2 Claims that can be presented on direct appeal but are not are forfeited and cannot be considered in a § 2255 motion. United States v. Frady, 456 U.S. 152 (1982). Livingood forfeited the claims discussed in the remainder of this subsection by failing to raise them on appeal. However, to the extent he contends that Spedding was ineffective for failing to raise these issues on appeal, the Court has addressed them for the sake of thoroughness. Sexually explicit conduct includes lascivious exhibition of the genitals or pubic area of any person. 18 U.S.C. § 2256. As the defendant correctly notes, courts within the Sixth Circuit apply a multifactor test to determine whether an image is lascivious. See United States v.
Brown, 579 F.3d 672, 680 (6th Cir. 2009) (citing United States v. Dost, 636 F. Supp. 828, 832 (S.D. Cal. 1986)). The relevant factors include: 1) whether the focal point of the visual depiction is on the child’s genitalia or pubic area; 2) whether the setting of the visual depiction is sexually suggestive, i.e., in a place or pose generally associated with sexual activity; 3) whether the child is depicted in an unnatural pose, or in inappropriate attire, considering the age of the child; 4) whether the child is fully or partially clothed, or nude; 5) whether the visual depiction suggests sexual coyness or a willingness to engage in sexual activity; 6) whether the visual depiction is intended or designed to elicit a sexual response in the viewer.
This list is not exhaustive and an image need not satisfy every factor to be deemed lascivious. Id. Livingood created and sent Roe two images that satisfy several of the Dost factors. One image portrayed the lower half of the infant’s body without clothing or a diaper. The infant’s legs were spread and his genitals were exposed, and an adult male hand could be seen reaching toward the infant’s penis. The second image showed Livingood grabbing the infant’s penis with the thumb and index finger of his left hand and pulling back the foreskin. These images were clearly focused on the child’s genitalia and, based on the accompanying Kik messages Livingood sent to Roe, were intended to elicit a sexual response in the viewer.

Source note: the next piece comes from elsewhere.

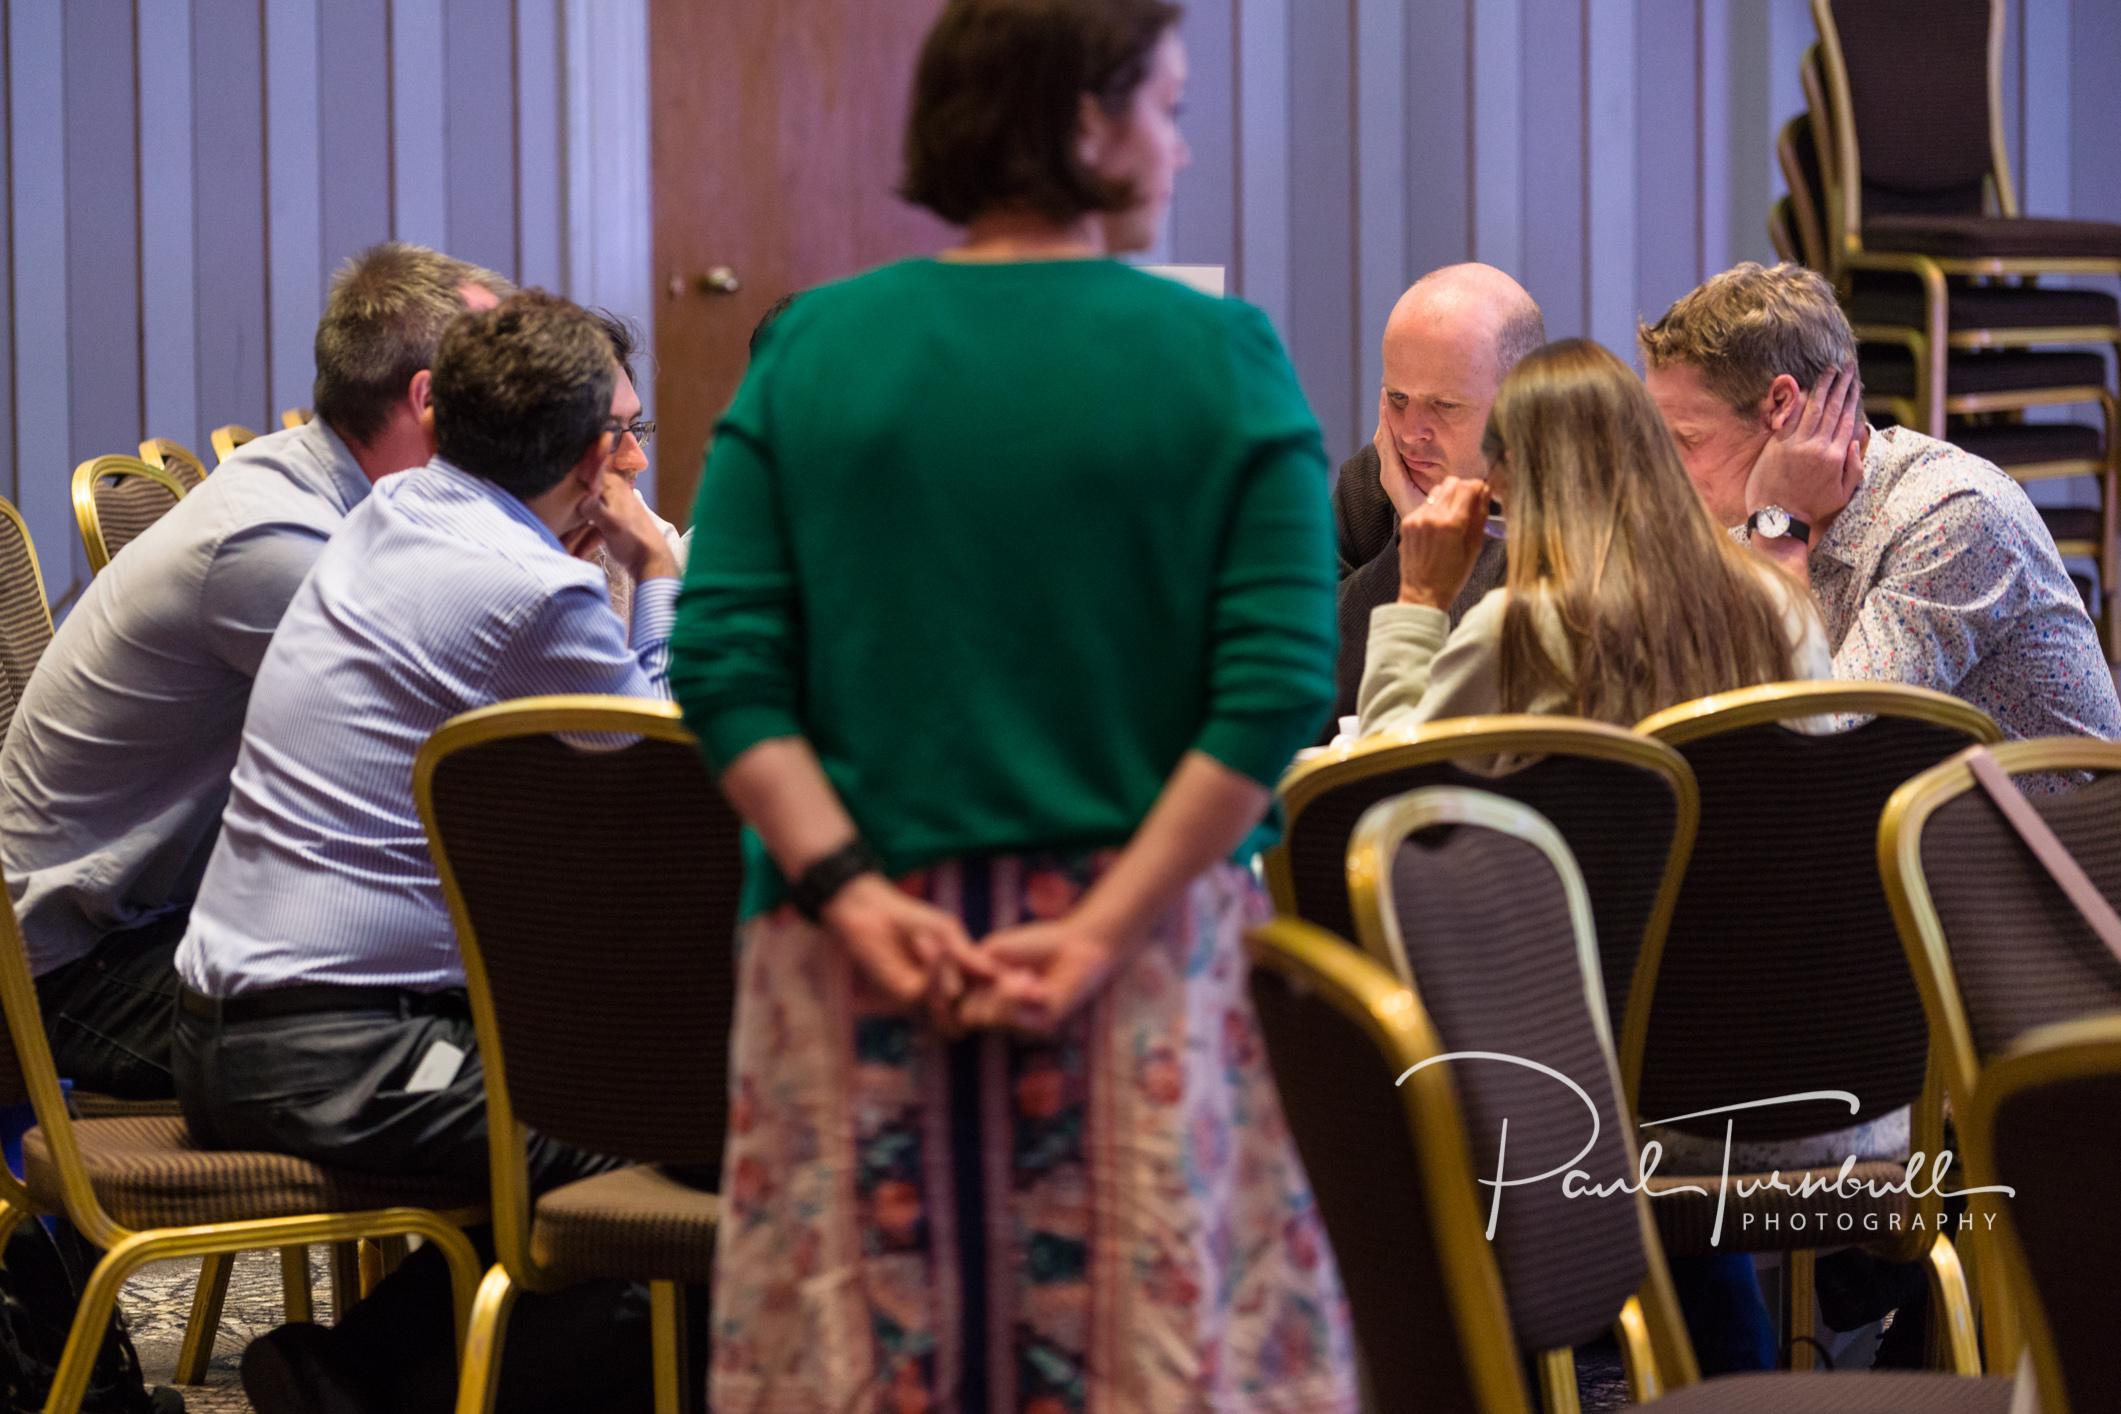 conference-event-photographer-queens-hotel-leeds-yorkshire-068.jpg

See United States v. Brown, 579 F.3d 672, 684 (6th Cir. 2009) (describing the limited context that can be examined to determine whether images were intended to elicit a sexual response in the viewer). Livingood’s assertion that he did not intend to create child pornography is belied by the same evidence. Thus, these claims are without merit. B.
Next, Livingood argues that Spedding was ineffective for failing to inform him that intent is an essential element of production of child pornography. This claim, however, is clearly refuted by the record. Livingood pleaded guilty to Count 1 pursuant to a written plea agreement. The Court engaged in a thorough colloquy during which Livingood advised the Court that he had reviewed and discussed the indictment, and the case in general, with Spedding and that he understood the charges against him. [Record No. 66] When asked whether he was satisfied
with Spedding’s services, Livingood answered, “absolutely.” Id. at p. 6. Livingood confirmed that he had reviewed the plea agreement and its supplement with Spedding and that he understood these documents. Paragraph two of the plea agreement sets forth the essential elements of 18 U.S.C. § 2251, including: “The Defendant employed, used, persuaded, induced, enticed or coerced a minor to engage in sexually explicit conduct for the purpose of producing a visual depiction
of that conduct. . . .” [Record No. 25] Additionally, Livingood confirmed to the Court that the following factual summary contained in the plea agreement was true and correct: (a) Diana Roe, an Indianapolis subject, was arrested in Indianapolis pursuant to an FBI investigation and was convicted of federal child pornography charges. During that investigation, it was determined that Roe was communicating on the application Kik with Kik user bryan388. Roe’s phone was forensically examined and investigators located Kik conversations between Roe and bryan388 that included bestiality and child sexual abuse material (conversations that took place between January 2018 and May 2019). Subsequent investigation revealed that the bryan388 account was created and controlled by Livingood. (b) Using the bryan388 account, Livingood engaged in conversations with Roe about the sexual acts he wanted to perform on an infant that was in his care, custody and control.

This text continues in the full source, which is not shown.